Berikut adalah beberapa bulan dalam kalender Hijriah yang memiliki makna mendalam bagi umat Islam dalam melaksanakan pernikahan.
Muharram
Muharram adalah bulan pertama dalam kalender Hijriah dan termasuk salah satu bulan yang sangat agung dalam Islam.
Allah SWT menyebutkan dalam Surat At-Taubah ayat 36 bahwa di antara dua belas bulan yang ada, terdapat empat bulan yang disebut bulan haram, yaitu Zulhijjah, Zulqa'dah, Muharram, dan Rajab.
Muharram adalah bulan yang suci, dan merupakan awal dari tahun baru dalam kalender Islam.
Rasulullah SAW juga menyebutkan dalam hadis bahwa bulan ini adalah bulan yang penuh keberkahan.
Safar
Bulan kedua dalam kalender Hijriah ini memiliki makna yang sangat dalam dalam sejarah kehidupan Rasulullah SAW.
Pada bulan Safar, Rasulullah menikahi istri pertamanya, Khadijah binti Khuwailid, yang dikenal sebagai salah satu wanita yang dijanjikan tempat di surga.
Bulan ini juga menjadi saksi pernikahan antara putri Rasulullah, Fatimah Az-Zahra, dengan Ali bin Abi Thalib.
Rabiul Awal
Rabiul Awal adalah bulan yang sangat istimewa dalam kalender Hijriah, bukan hanya karena merupakan bulan kelahiran Rasulullah SAW, tetapi juga karena pada bulan ini Rasulullah menikahkan putrinya, Ummu Kultsum, dengan Utsman bin Affan, khalifah ketiga dalam sejarah Islam.
Rajab
Rajab adalah bulan ketujuh dalam kalender Hijriah, dan dianggap sebagai salah satu bulan yang sangat mulia dalam Islam.
Bulan ini menjadi saksi atas perjalanan hidup Nabi Muhammad SAW, di mana pada bulan ini pula beliau dikandung oleh ibunya, Siti Aminah.
Rajab juga dikenal dengan julukan Asyhur al-Hurum, yaitu bulan-bulan yang dihormati dan disucikan dalam Islam.
Syawal
Syawal adalah bulan yang datang setelah bulan suci Ramadhan, dan sering dianggap sebagai waktu yang baik untuk menikah.

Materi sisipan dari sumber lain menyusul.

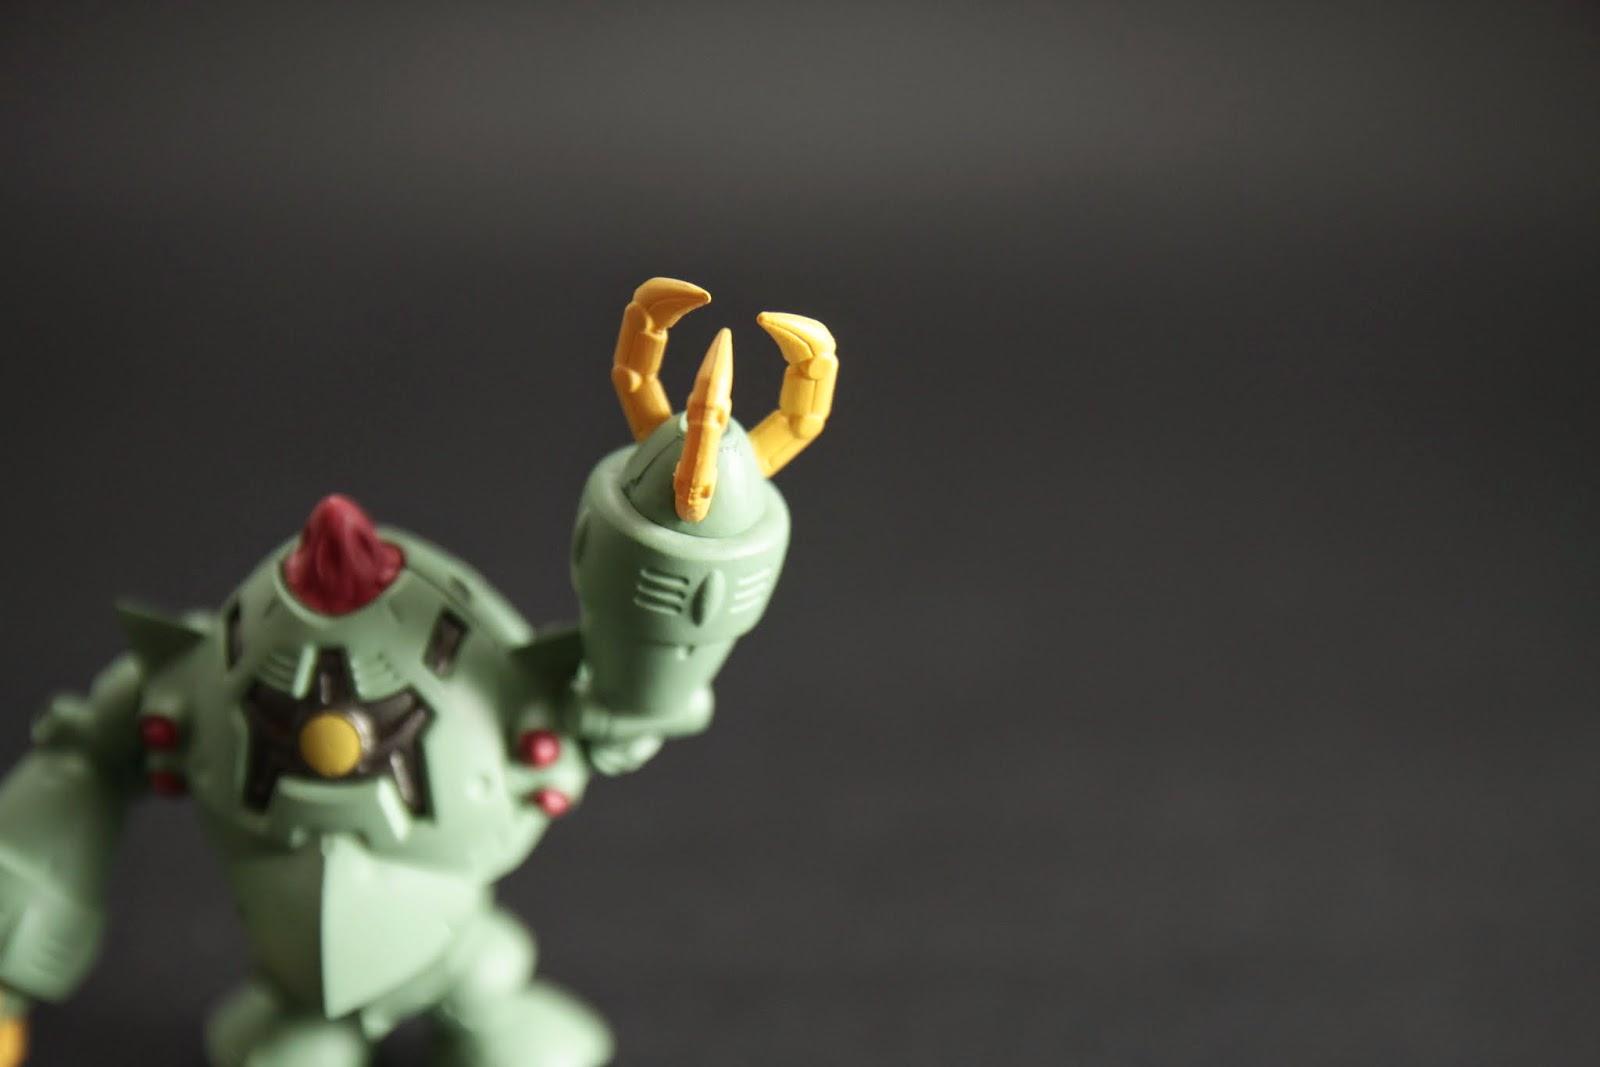 主武裝除了光束炮跟飛彈就是爪子了

Dalam hadis yang diriwayatkan oleh Aisyah, istri Rasulullah SAW, disebutkan bahwa Rasulullah menikahi Aisyah di bulan Syawal dan membangun rumah tangga bersamanya di bulan yang penuh berkah ini.
Zulkaidah
Zulkaidah adalah bulan yang mulia dalam kalender Hijriah, berada di antara bulan Syawal (bulan setelah Ramadhan) dan Zulhijjah (bulan di mana ibadah haji dilaksanakan).
Pada bulan Zulkaidah, Rasulullah menikahi Zainab binti Jahsy, yang menemani beliau hingga akhir hayatnya.
Mengingat bulan-bulan dalam kalender Hijriah memiliki nilai spiritual yang tinggi, pasangan yang menikah di bulan-bulan tersebut bisa berharap untuk memulai perjalanan hidup baru yang penuh dengan rahmat dan barokah dari Allah SWT.